Fast, fun, fit and cheap?

Have you tried one of your street corners, after dark?


----------



## Readie (Jun 27, 2013)

Lucky13 said:


> Have you tried one of your street corners, after dark?




Jan, I hate to be the bearer of news that will disappoint you....but, you cannot shag a 'street corner'...


----------



## Njaco (Jun 27, 2013)




----------



## Readie (Jun 28, 2013)

Oh, I love American wit 

That is my smile this morning.


----------



## B-17engineer (Jun 28, 2013)

vikingBerserker said:


> Heck, that's what I look for in a woman too - lol



Does the red light district have a rewards program?


----------



## Bucksnort101 (Jun 28, 2013)

Njaco said:


> View attachment 236942



That's what I'm talking about. Room in the back for the weekends case or two of beer. Lets see you haul two cases on the back of those other bikes.


----------



## Bucksnort101 (Jun 28, 2013)

B-17engineer said:


> Does the red light district have a rewards program?

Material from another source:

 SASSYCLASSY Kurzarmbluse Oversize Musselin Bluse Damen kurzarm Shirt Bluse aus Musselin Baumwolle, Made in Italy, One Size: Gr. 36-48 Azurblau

Yeah they're called STD's.


----------



## razor1uk (Jun 28, 2013)

Readie said:


> Ive had a Electra Glide Superglide in a previous life.
> 
> Great fun but,too expensive for me at the moment..
> 
> The criteria is cheap, I fit it, cheap, fun, cheap, fast. cheap...

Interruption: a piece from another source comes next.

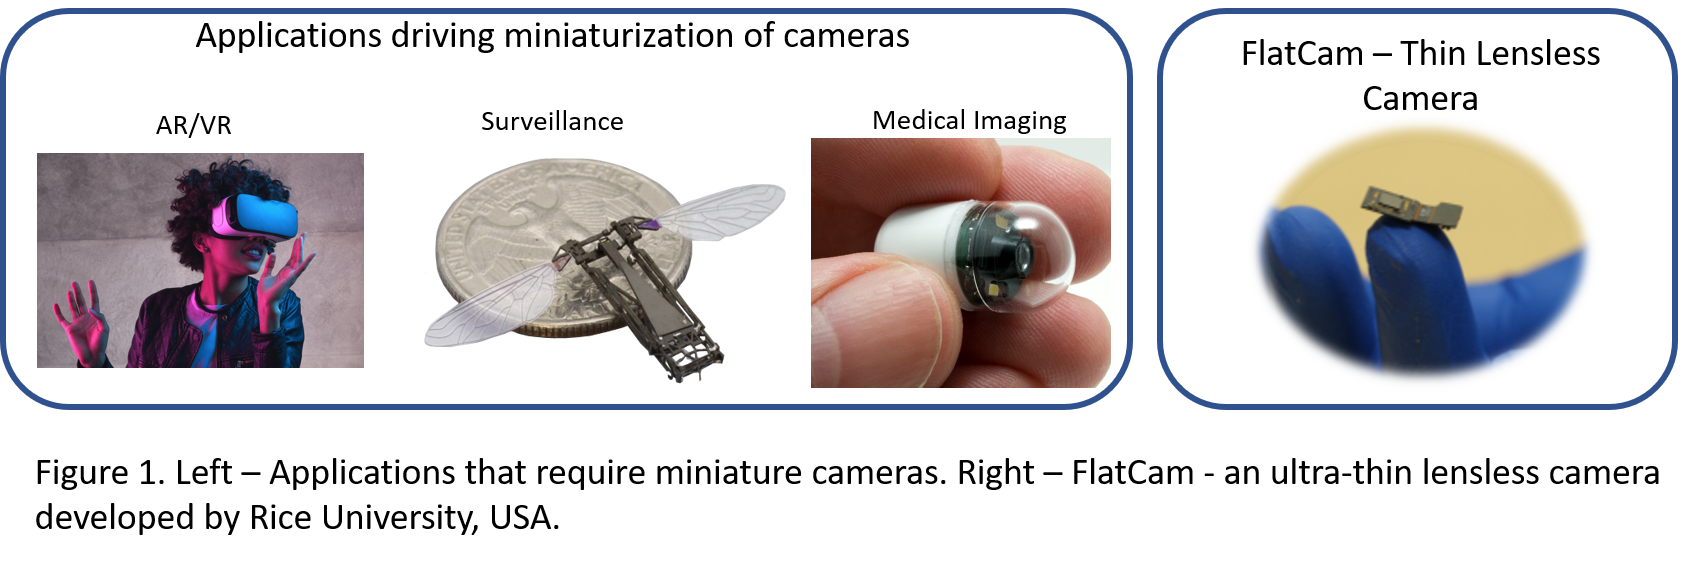 Researchers develop algorithm for lensless, miniature cameras

With a lack of so long as straight as yours roads, higher legal speeds, the need to be able to turn around in under 3 meters, to get around a corner without going below 40mph (if it has footboards), the need to brake quickly for in-attentive school kids, pedestrian 'jay walkers', cyclists who ignore road laws any myopic car drivers etc. Let alone the spare parts cost, the usual H-D option in UK is more for the... rich, famous, 'fashion is life' idiots and those that like the challenge of heavy and under-developed tech-ed machinery that makes passers by stare in marketing hype induced feelings of grandure. 

Although they do look 'nostalgic' snd are amazingly sold in a myriad of versions and subtle era styles, they do hold onto their worth better than a 'celibate' father holds onto his own flocks children.
Naturally the above rant, excludes the H-D V-Rod, which can handle and stop better than any other earlier H-D, can get around 'real' corners at speeds greater than 50mph, and has the most advanced motorcycle engine ever made in-comparison to all other previous H-D motors, which was co-designed developed by Porche.

I suppose the Rocket III is too big pricey and certainly more powerful than the Speed Triple (old 90's, the 595/509 type or the newest 675 base?), 
...mmm, possible options might include the Triumph Boniville/Thruxton/Speedmaster, a road based 'adventurer' like a BMW GS800, Honda Trans Alp, Kawasaki KL650, or others like the Kawasaki ER-5 or ER-6, or even a older GPz-500R perhaps, to ease those cramping calfs and the pocket rocket. hunchback?


----------



## GrauGeist (Jun 28, 2013)

Through the years, I've owned several bikes...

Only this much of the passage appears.